また HDMI キャプチャデバイスは、構成的に2つ必要でした。講師の手元にある「講義に使っているラップトップ」からの出力(つまり会場でプロジェクターに出力している内容)と、「講師を撮影しているビデオカメラ」からの映像を、一度に合成して動画で配信するために HDMI が同時に2本、録画・配信用の PC に入力される必要があったためです。このような構成であれば、講師がプロジェクターに映している映像をメインに、画面の隅に講師の姿が映っている映像という感じでリアルタイムに配信が行なえます。

機材は大量ですが、40L クラスの容量がある大きなリュックに全部を詰め込めば、なんとかかろうじて一人で背負って移動できそうで一安心という感じ。

セットアップには絶対に時間が掛かるので、これまでよりも早く現地入りする必要がありそうですが、なんとかリモート受講の仕組み自体は構築できることを確認しました。

リモート受講や動画配信でのプログラミング学習

実は今回のリモート受講実現とは直接的には関係ないのですが、私自身、少し前から「動画でプログラミングを学習するということ」についてぼんやりと思考を巡らすことが多くありました。というのは、以前 Twitter かなにかで「最近の若い人たちや子供たちは動画で様々なことを勉強する」というのを見かけたときに、なるほどなあと感心したことがあったのですよね。

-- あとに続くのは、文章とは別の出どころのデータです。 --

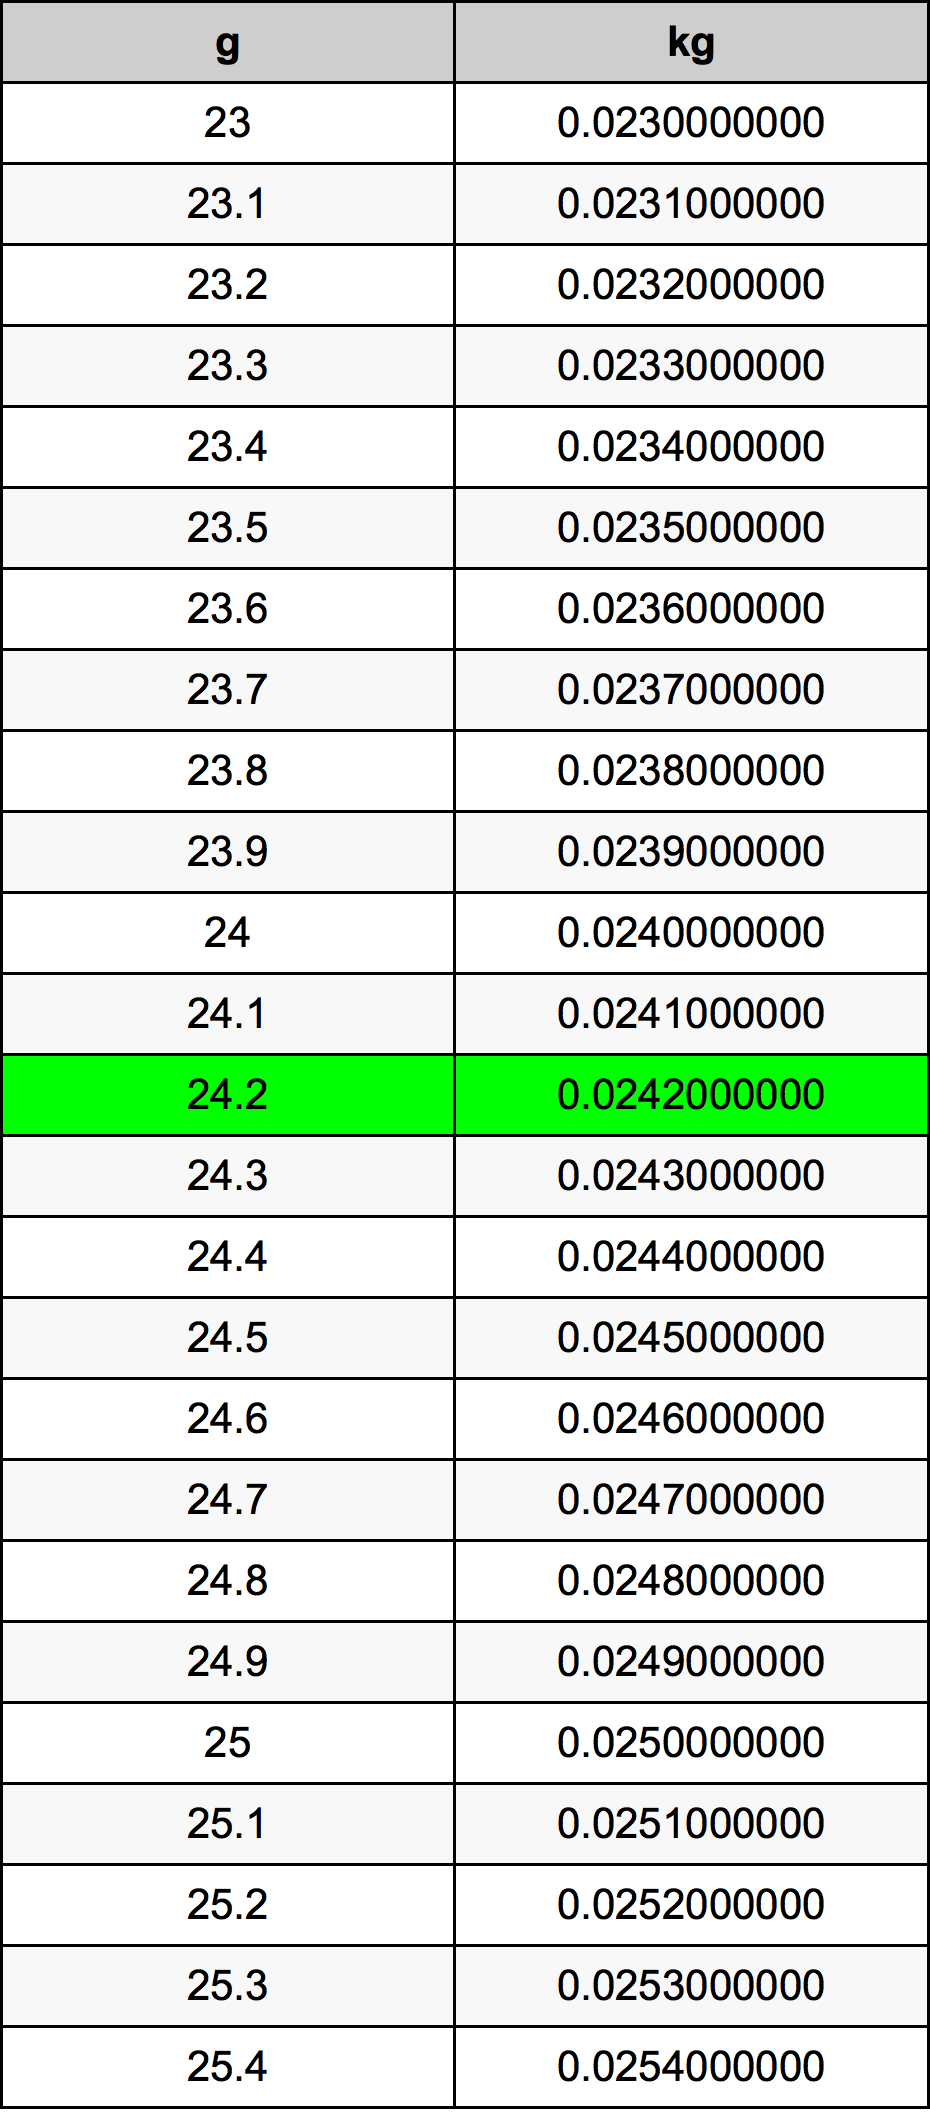 24.2 غرام جدول تحويل

思い立ったが吉日ということで、それから早速、実際に YouTube に行って「プログラミング 学習」などで検索してみて、その結果を見たときにそのあまりの惨状に本当に悲しい気持ちになりました。検索結果として並んでいる動画はどれも「○○ヶ月で○○稼ぐ!」とか「いま稼げるプログラミング言語はこれだ!」といった、本当になんていうか……チリの一粒分の価値もない動画ばかりだったんですよね……

そういう現実を知らなかった私が愚かなだけなんですけど、あまりに酷すぎる現実にカルチャーショックを受けました。

偏見や先入観で物事を考えてはイカンなと思って、実際にそれらの動画を感情を無にしていくつか見てみたりもしたのですが……

本当に、情報弱者を狙ったこういう下衆な行いがなぜ平然と行えるんでしょうね…… まったく理解できない世界でした。

ドットインストールや Udemy のような「動画を活用したプログラミング学習プラットフォーム」も結構前から存在していますし、そういった類の動画に関しては、もちろん情報商材詐欺みたいな内容ではないと思います。でも、やっぱり無料で誰でも自由に閲覧できる動画の中に、質の高いプログラミング学習のためのコンテンツが少しずつでも増えていかないと、結果的に割りを食うのは我々現役のプログラマーなんじゃないかなと思ったりもします。業界の将来を危惧しているみたいなことを言いたいわけではなく、自分になにかできないかなあというのを強く感じました。

たとえば日本の伝統芸能や意匠は、多くの場合において後継者不足が問題になっているというのをよく見聞きします。時代に合わせて変化していくことができないものは、どんなに努力をしても、それがどんなに素晴らしいものであったとしても、やっぱり少しずつ失われていってしまうように思います。伝統芸能や職人技とプログラミング学習を一緒にするのはちょっと乱暴だとは思うのですが、やっぱり動画を学習プラットフォームとして選択する世代がこれからどんどん増えていくことが予測できるなら、これからは動画というジャンルにおいても、プログラミング学習のための高品質なコンテンツを作っていく必要があるのではないかと、どうしても考えてしまうのでした。

実際動画でコンテンツを配信することを考えると……

まずなによりも時間的なコストとかがすごいことになってしまって、編集作業とか収録作業とか、慣れたとしても相当きつそうだなというのが現時点での体感としてはあります。私の場合は文字をテキストとして入力したりすることはあまり苦ではないので、普通にウェブサイトを更新するのはそれほど負担にならないのですが、動画を作るとなるとワケが違いますね……

それでも、なんか今後はそういうこともやっていく必要があるのかなと今は感じています。

願わくば、それが私自身の実入りにもつながってくれたら嬉しいのですが、まあ最初からそれを考えるのはちょっと難しいかなと思います。まずは、採算とかは考えずに、いかにして良いコンテンツを提供するかをじっくり検討を重ねながら、実行していくしかないのでしょうね。がんばります。